I had a performance management review scheduled with Emilio the week after this toot, so I thought tagging him in this investigation would get me into his good graces 😇😇
After more and more Googling, I realized I should be careful. There have been a lot of smart people working on this problem. Instead, I realized the issue: everything I investigated focused on Absolute Measurement. A series of inputs are sent into an alert, and the output should be some severity on a scale from informational -> critical.
Severity = Probability of occurrence * Threat Actor Jerk Coefficient * (Compensating Control - Cups of Coffee) - abs(Last time I took a vacation - Burnout)
Not all threat actors are jerks, but many jerks are threat actors
Aha! Mathematics saves the day yet again! But here is the problem: humans are generally bad at absolute measurement.
Exhibit A is a study about how different outsourcing companies could give an absolute estimate of hours of work provided a set of specifications. It turns out they were all over the place. Culture, bias, expertise, and specification details (or lack thereof) played a role in how firms decided the cost of a project. So what can we do instead?
Security has to learn yet again from Dev and Ops: relative measurements to the rescue!
Estimating work for software is difficult. But developers and operations folks figured this out long ago with a little thing called Agile Development. Rather than being all waterfall-y, you can get a couple of sprints under your belt and compare feature requests and bug reports with work you’ve already done!
> "So I believe that a button on our website is a 2-point story because I worked on a slider for our website 2 sprints ago, and that was a 2-pointer, and the code is relatively the same.” - An unknown enlightened developer, Initech, 1998
Bingo!
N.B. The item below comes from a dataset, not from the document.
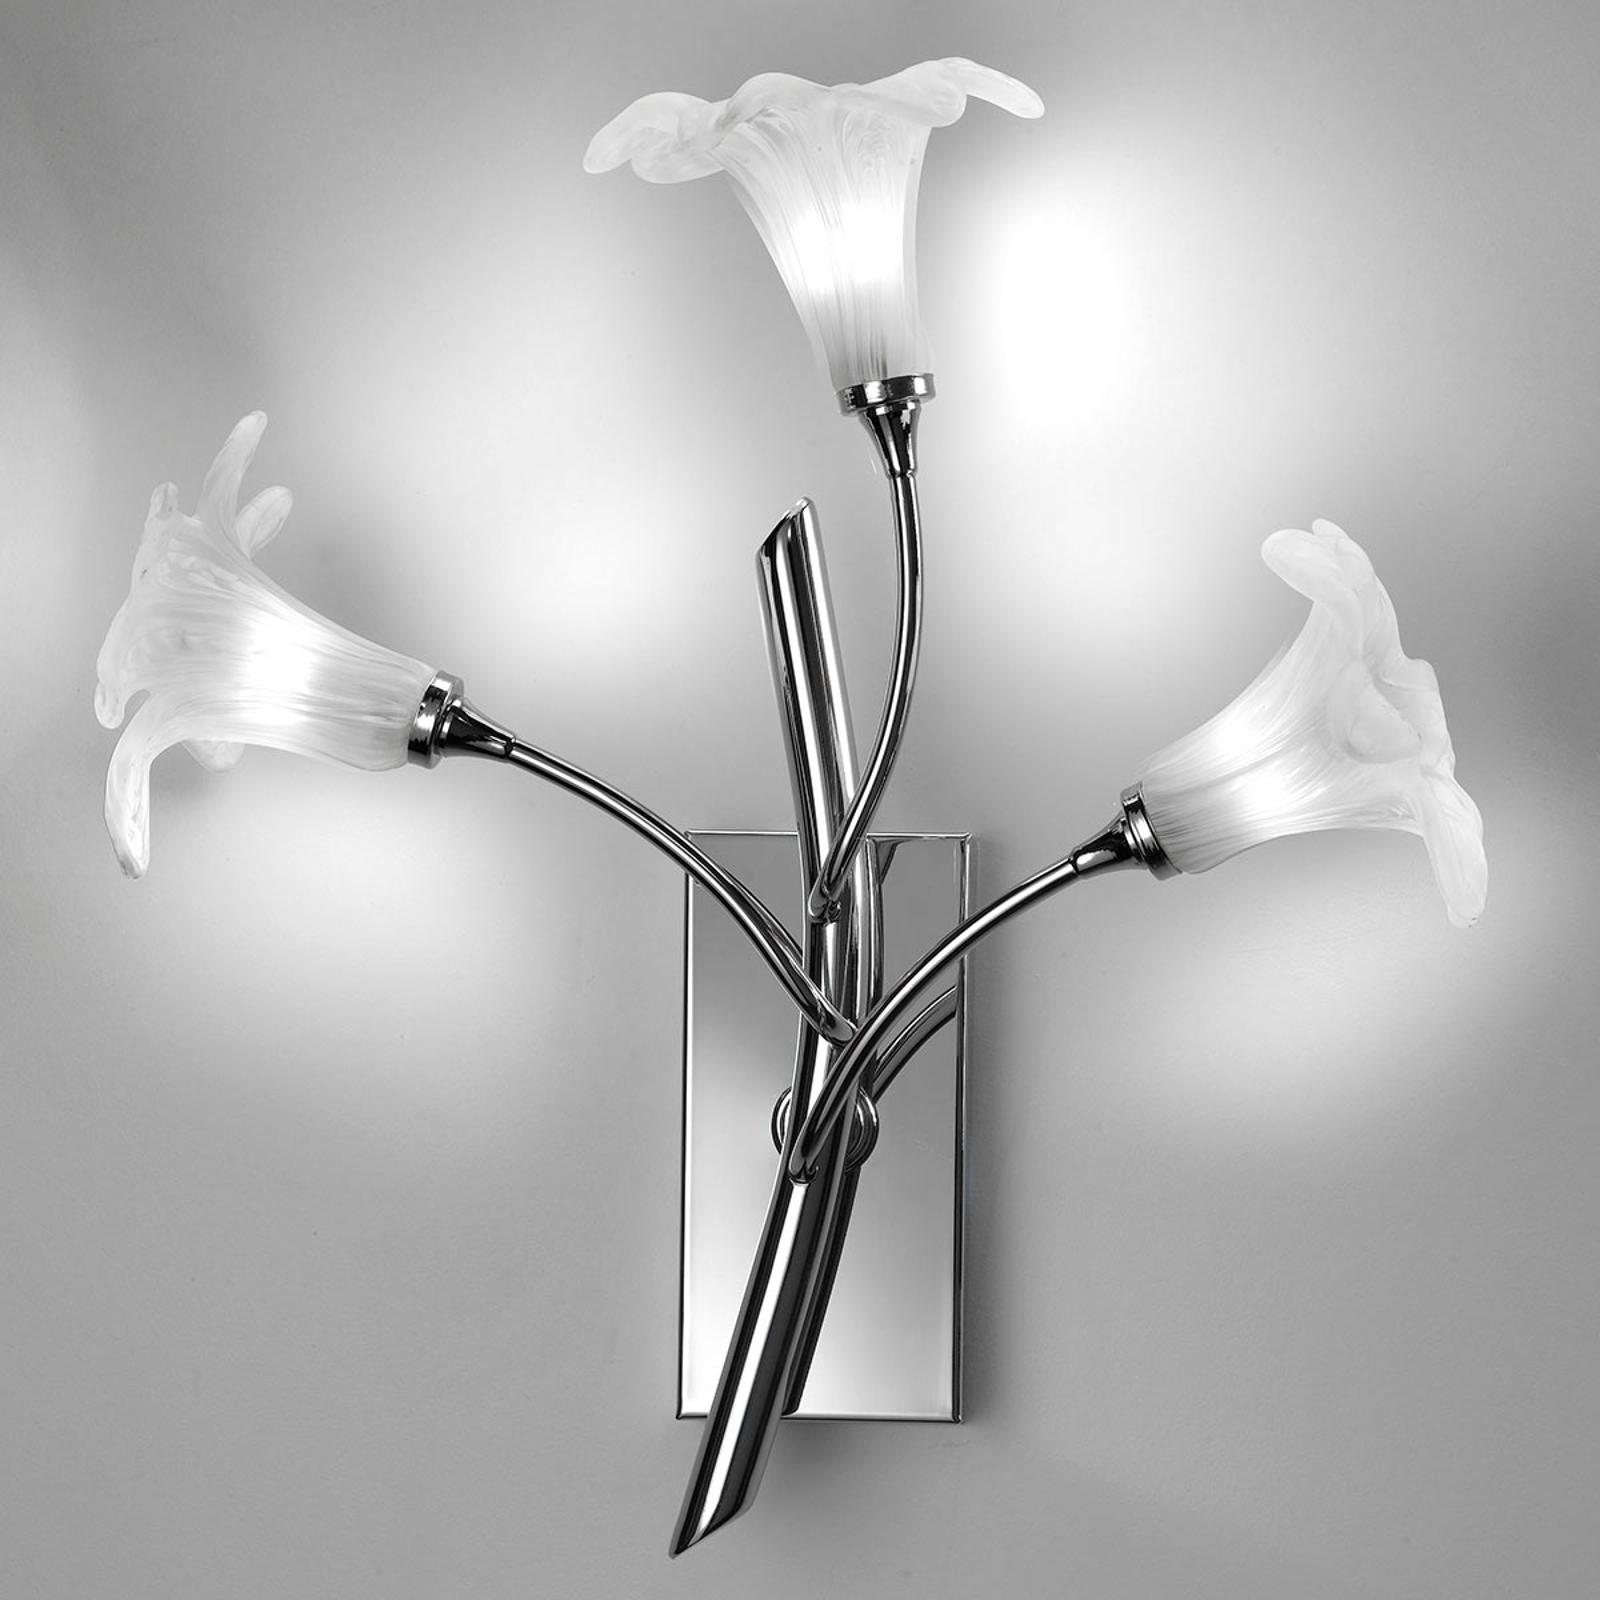 Wandlampe 7142 3-flammig, chrom/klar
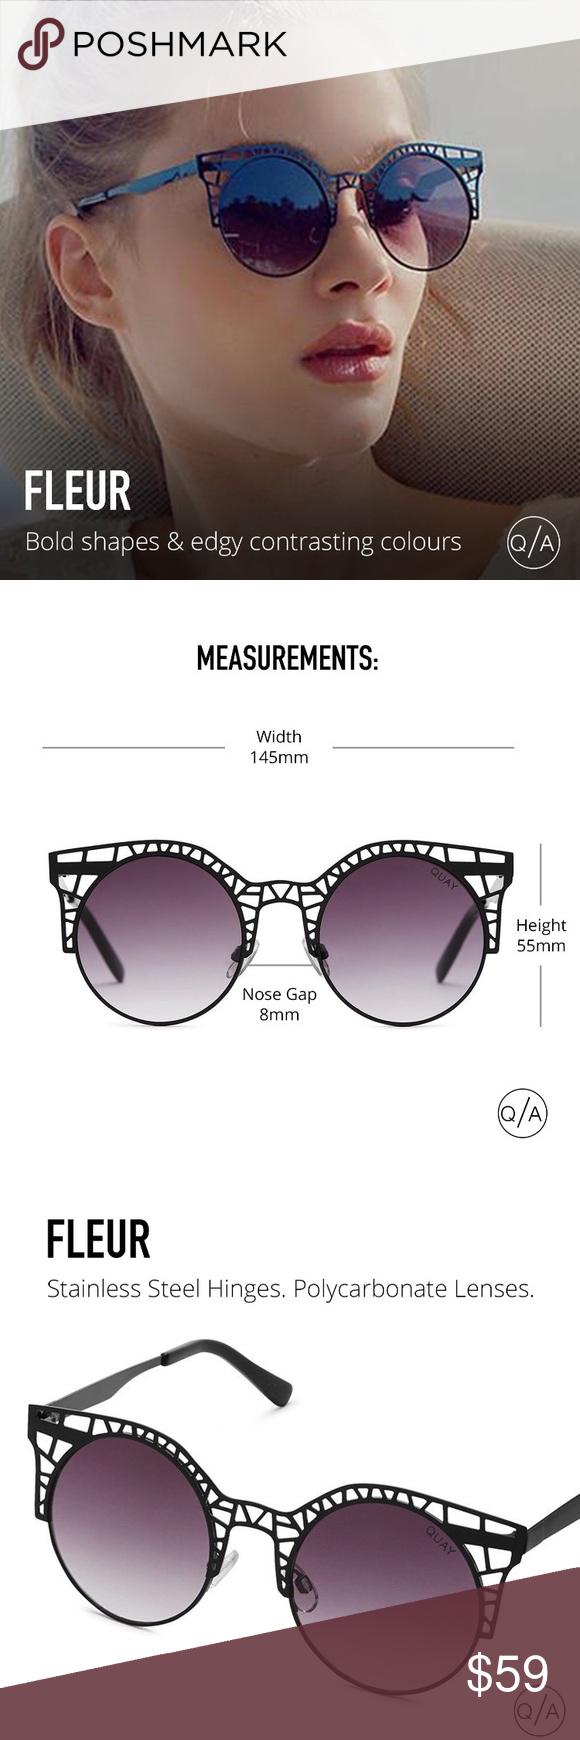 86b3f1e002 NWT Quay Australia Fleur Cat Eye Sunglasses ➖NWT ➖BRAND   Quay Australia  ➖STYLE

Relative measurement. Humans rock.
So how does this apply to alert severity? Well, we should embrace what we’ve done before. What does this specific rule look like compared to our library of rules? Similar TTPs, similar environment? Does it alert on a very specific case or a broad case? These may seem like absolute measurements, but you'd be surprised how good humans are at taking very vague details like the above and clustering them to other similar rules.
Once you can cluster that, it is easy to assign the severity because it’s just the same severity as the rules it was clustered in. And yeah, finger to the wind is totally fine here! No more math, justify why your PHP Webshell rule is a Medium that seems awfully similar to an ASP.NET Webshell rule, and bam! Deploy away.
Alert severity can be alert urgency. Different name, similar outcomes
What does it mean for day-to-day operations to have an informational, low, medium, high, and critical alert now that you can cluster? Well, this is where documentation and an SLA come into play. I’m pretty bullish on treating security as a ship in the ocean rather than an immovable fortress. You have to keep the ship afloat. So how would you classify problems within the ship, with increasing levels of severity, that go from something to note, to something interesting, to something catastrophic?
Sailing analogies aside, I am impressed with how the DevOps profession solved this issue years ago. My employer has a great blog on Alert Urgency (not severity!) and classifies alerts as Records, Notifications, and Pages. Atlassian has a 5 tier model that discusses service degradation and customer annoyance. Notice these all can fit into one page and can be quickly adapted.
Conclusion
TL;DR focus on relative measurement. There will be some upfront costs and pain, but it gets easier as time goes on. That pain is the same thing Agile teams go through with assigning points, but it quickly fades. Next, identify your severity model from a notification perspective rather than a threat perspective. You might realize they achieve the same thing without as much absolute measurement in trying to quantify threat scores.